Kaigama To Politicians: Stop Dividing Nigerians On Ethnic, Religious Lines 

Catholic Archbishop of Abuja, Most (Rev) Ignatius Kaigama

The Catholic Archbishop of Abuja, Most (Rev) Ignatius Kaigama, has cautioned public office holders in the country against exploiting religion, ethnicity and other fault lines to divide Nigerians.

Kaigama gave the admonition in his homily on third Sunday of Lent,at the Our Lady Queen of Nigeria Pro-Cathedral, Garki-Abuja.

According to Archbishop Kaigama, both leaders and the led must understand why God must remain at the centre of all human affairs, saying that was the only way to gain salvation.

He said: “When public officials take oaths of office, with their hand on the Bible or the Koran, they promise to serve selflessly, but many soon commit very unpatriotic acts and corruptly rob the poor, polarize and factionalize our people based on religious, ethnic or economic interests’.

Reflecting on the readings, the cleric said: “On this third Sunday of Lent, we are called to reflect on the Decalogue, the Ten Commandments, and their practical implications in our relationship with God and with one another.

“God gave the Law to Moses for the people of Israel to serve as a wise guide to them, and reminded them that He is “a jealous God” (Ex. 20:5), who tolerates no infidelity and disobedience, but prefers the person “who walks in the law of the Lord, who meditates on His law day and night” (Ps. 1:2).

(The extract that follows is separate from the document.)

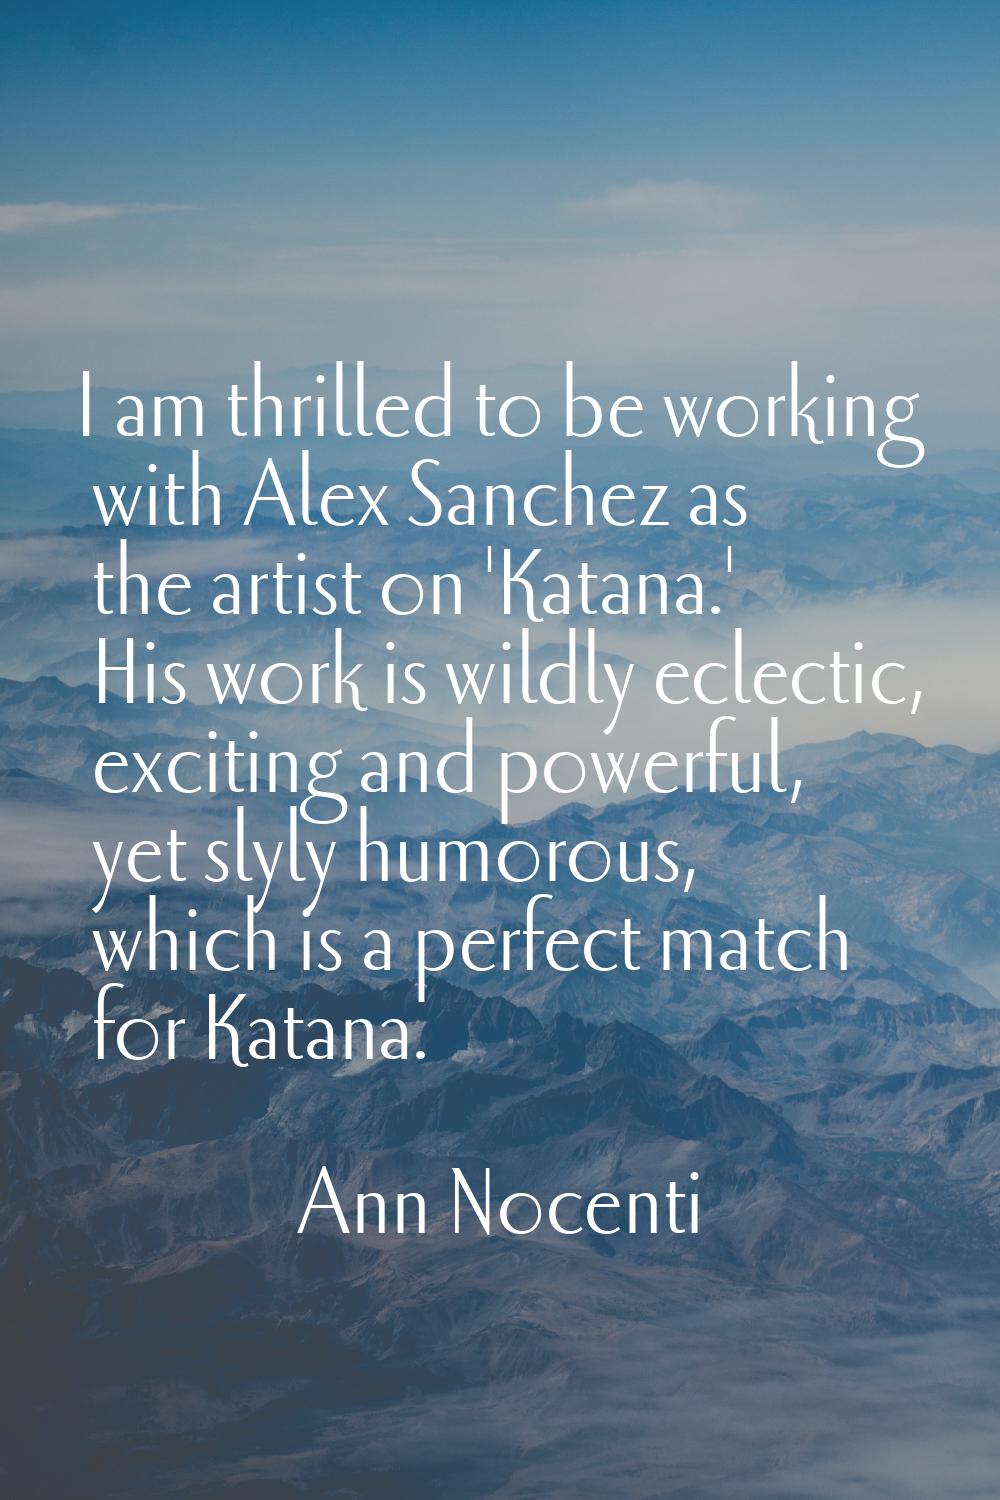 I am thrilled to be working with Alex Sanchez as the artist on 'Katana.' His work is wildly eclecti
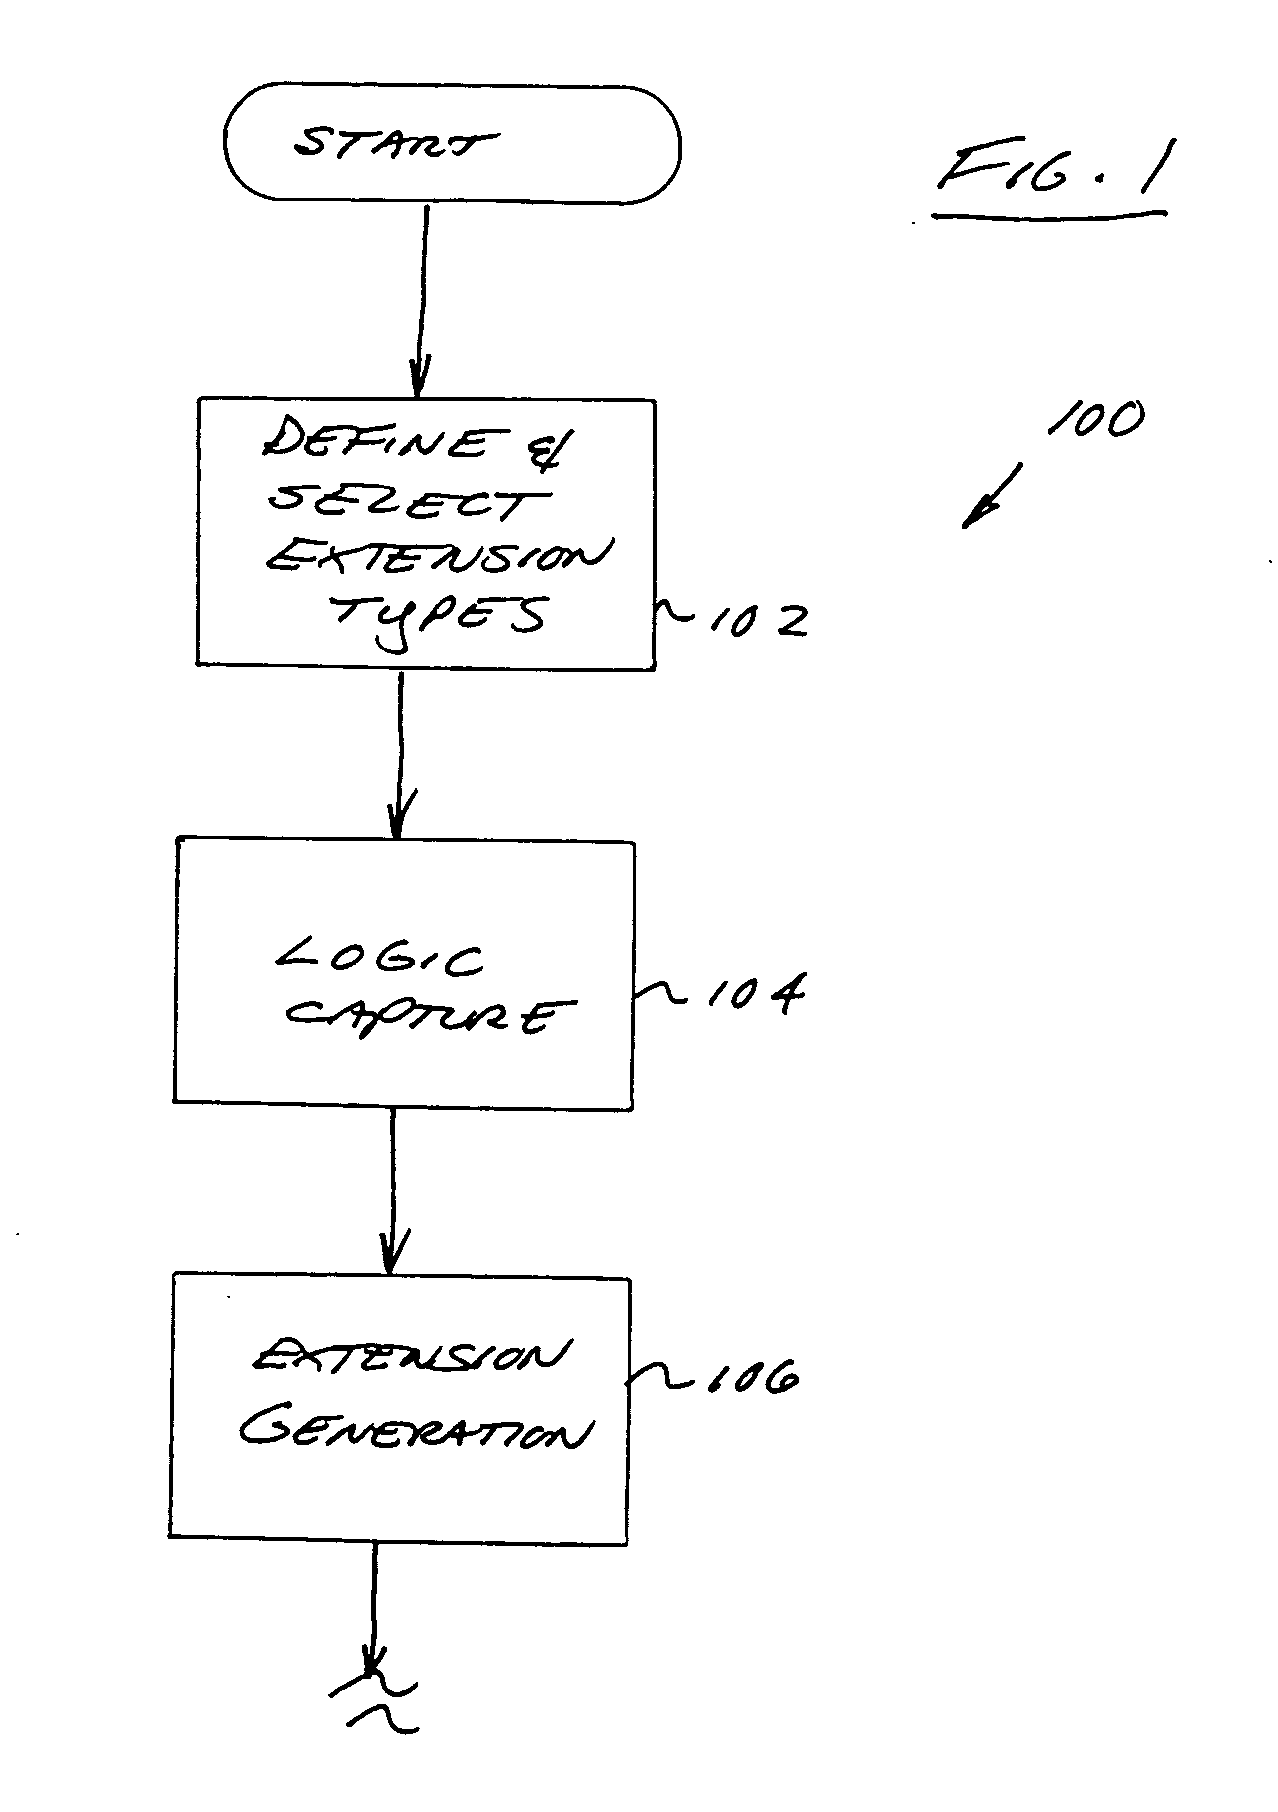 Computerized extension apparatus and methods

“Our first reading is about the Commandments that Moses received from God at Mount Sinai, given to the Israelites to protect and build their spiritual bond with God, and to spur them to positive living. Jesus summarized the commandments as: love of God and love of neighbour (cf. Mt. 22:37-38).

“Without laws, we risk ending up as a chaotic society. We obey human laws such as traffic laws, security laws (curfew), but sometimes we feel that divine laws tamper with our personal freedom”.

He added thus: “Many desire to be   free to use their bodies as they like; some want to use their freedom to deprive others of their freedom, e.g. to take the life of an unborn child or to kill in the name of politics or religion or ethnicity.

“Our world seems not to understand why God must remain at the centre of all human affairs. St. Paul in our second reading was speaking about this type of attitude whereby the crucified Christ appeared as a stumbling block to the Jews and foolishness to the Gentiles.

“Many today see as foolishness the laws of God and influenced by moral relativism, believe there is no universal or absolute set of moral principles, and freedom is to do as one pleases.